The generated Painless script for nested paths includes null-safety guards:

javascript
if (ctx._source.data != null && ctx._source.data.containsKey('oldField')) {
    if (ctx._source.data == null) { ctx._source.data = [:]; }
    ctx._source.data.newField = ctx._source.data.oldField;
}
if (ctx._source.data != null && ctx._source.data.containsKey('oldField')) {
    ctx._source.data.remove('oldField');
}

Remove a Field

Use RemoveFieldScript to remove a field:

csharp
public EmployeeIndex(IElasticConfiguration configuration)
    : base(configuration, "employees", version: 3)
{
    RemoveFieldScript(3, "deprecatedField");
}

Remove a Nested Field

RemoveFieldScript also supports dotted paths:

csharp
public EmployeeIndex(IElasticConfiguration configuration)
    : base(configuration, "employees", version: 3)
{
    RemoveFieldScript(3, "data.legacyField");
}

Custom Transformation

Use AddReindexScript for complex transformations:

csharp
public EmployeeIndex(IElasticConfiguration configuration)
    : base(configuration, "employees", version: 4)
{
    // Custom Painless script for complex transformation
    AddReindexScript(4, @"
        // Combine first and last name
        if (ctx._source.containsKey('firstName') && ctx._source.containsKey('lastName')) {
            ctx._source.fullName = ctx._source.firstName + ' ' + ctx._source.lastName;
        }

        // Convert status string to boolean
        if (ctx._source.containsKey('status')) {
            ctx._source.isActive = ctx._source.status == 'active';
            ctx._source.remove('status');
        }

        // Set default values
        if (!ctx._source.containsKey('createdUtc')) {
            ctx._source.createdUtc = '2024-01-01T00:00:00Z';
        }
    ");
}

Multi-Version Migration

Scripts are applied incrementally. When upgrading, only scripts with a version greater than the current index version (and less than or equal to the target version) are applied. If upgrading from v1 to v3, both v2 and v3 scripts run:

csharp
public EmployeeIndex(IElasticConfiguration configuration)
    : base(configuration, "employees", version: 3)
{
    // v2 scripts (run when upgrading from v1)
    RenameFieldScript(2, "dept", "department");

    // v3 scripts (run when upgrading from v1 or v2)
    AddReindexScript(3, "ctx._source.version = 3;");
}

When a single script applies, it is sent directly to Elasticsearch. When multiple scripts apply, they are each wrapped in a named function and called sequentially:

javascript
void f000(def ctx) { /* v2 rename script */ }
void f001(def ctx) { /* v2 remove script */ }
void f002(def ctx) { /* v3 custom script */ }
f000(ctx); f001(ctx); f002(ctx);

Note that RenameFieldScript with removeOriginal: true (the default) generates two scripts at the same version number — one to copy the value and one to remove the original field. Both are included in the combined script.

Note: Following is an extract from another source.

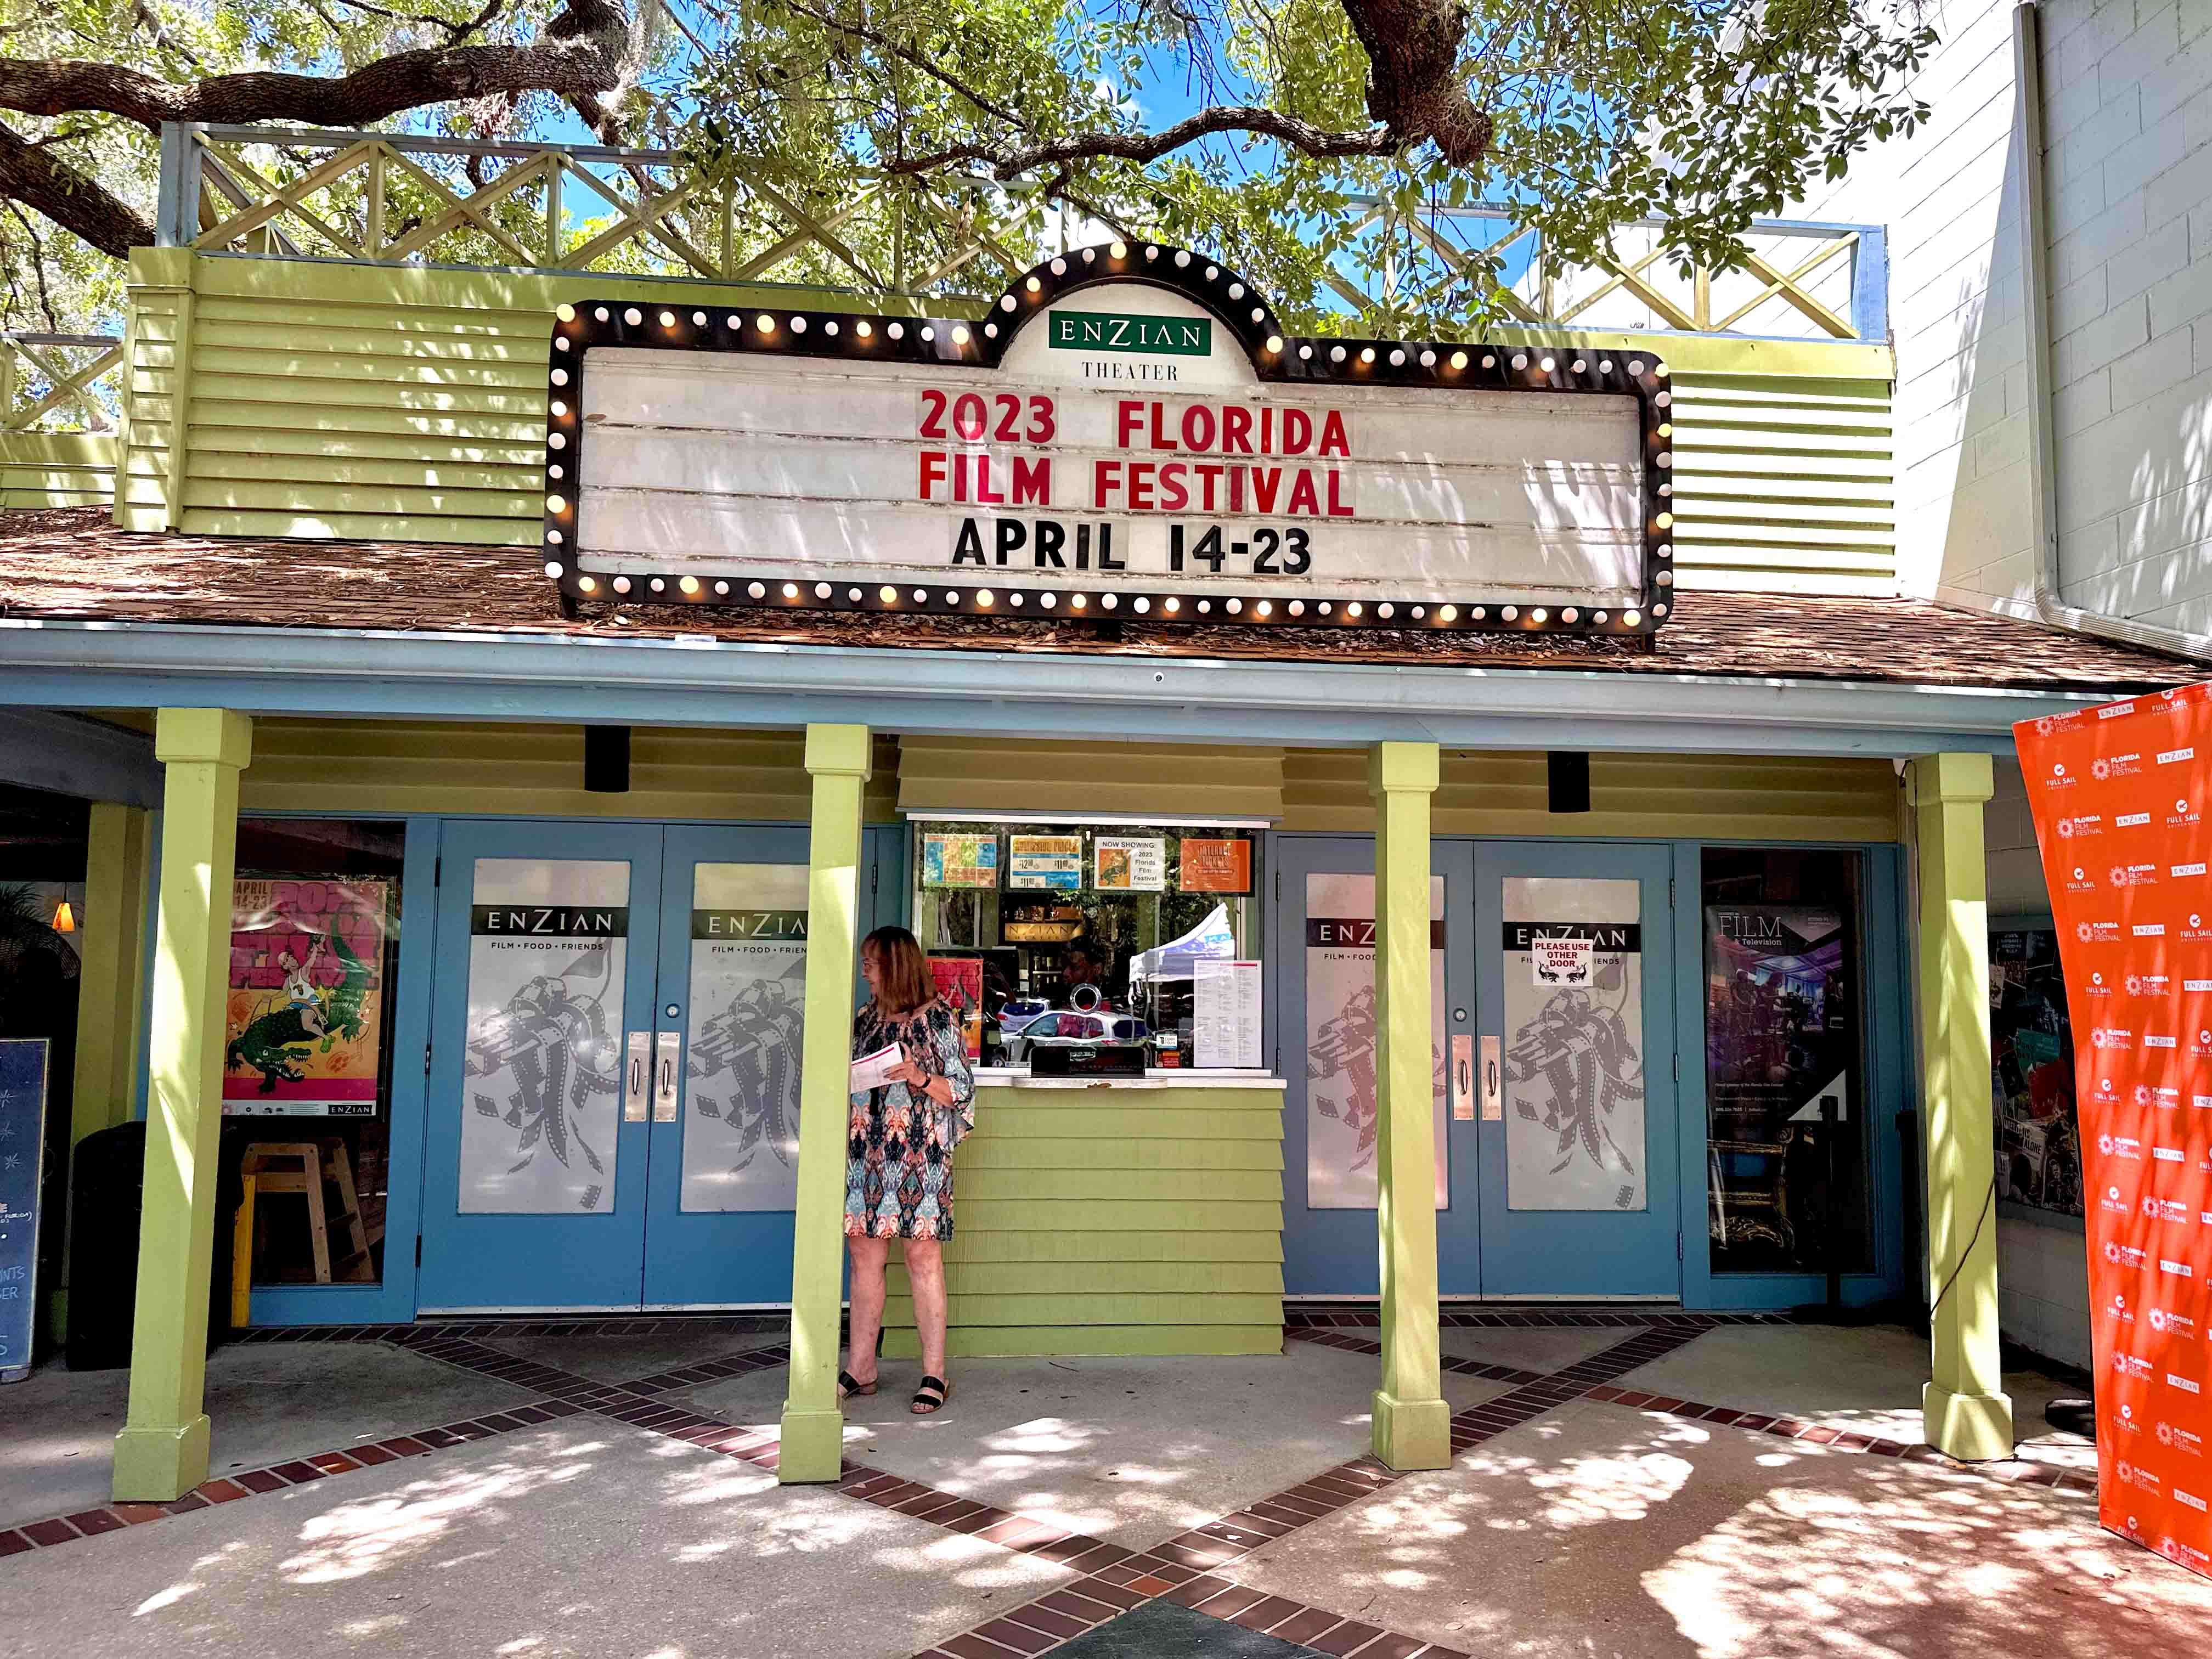 Exterior of the historic Enzian Theater in Maitland, FL

Skipping Over Multiple Versions

If an index is multiple versions behind (e.g., v1 upgrading to v5), all intermediate scripts run in order:

csharp
public EmployeeIndex(IElasticConfiguration configuration)
    : base(configuration, "employees", version: 5)
{
    RenameFieldScript(2, "dept", "department");           // v2
    RemoveFieldScript(3, "data.legacyField");             // v3
    RenameFieldScript(4, "data.oldField", "data.newField"); // v4
    AddReindexScript(5, "ctx._source.migrated = true;");  // v5
}

When upgrading from v1 to v5, scripts for v2 through v5 all apply. When upgrading from v3 to v5, only v4 and v5 scripts apply. Scripts for versions at or below the current version are always skipped.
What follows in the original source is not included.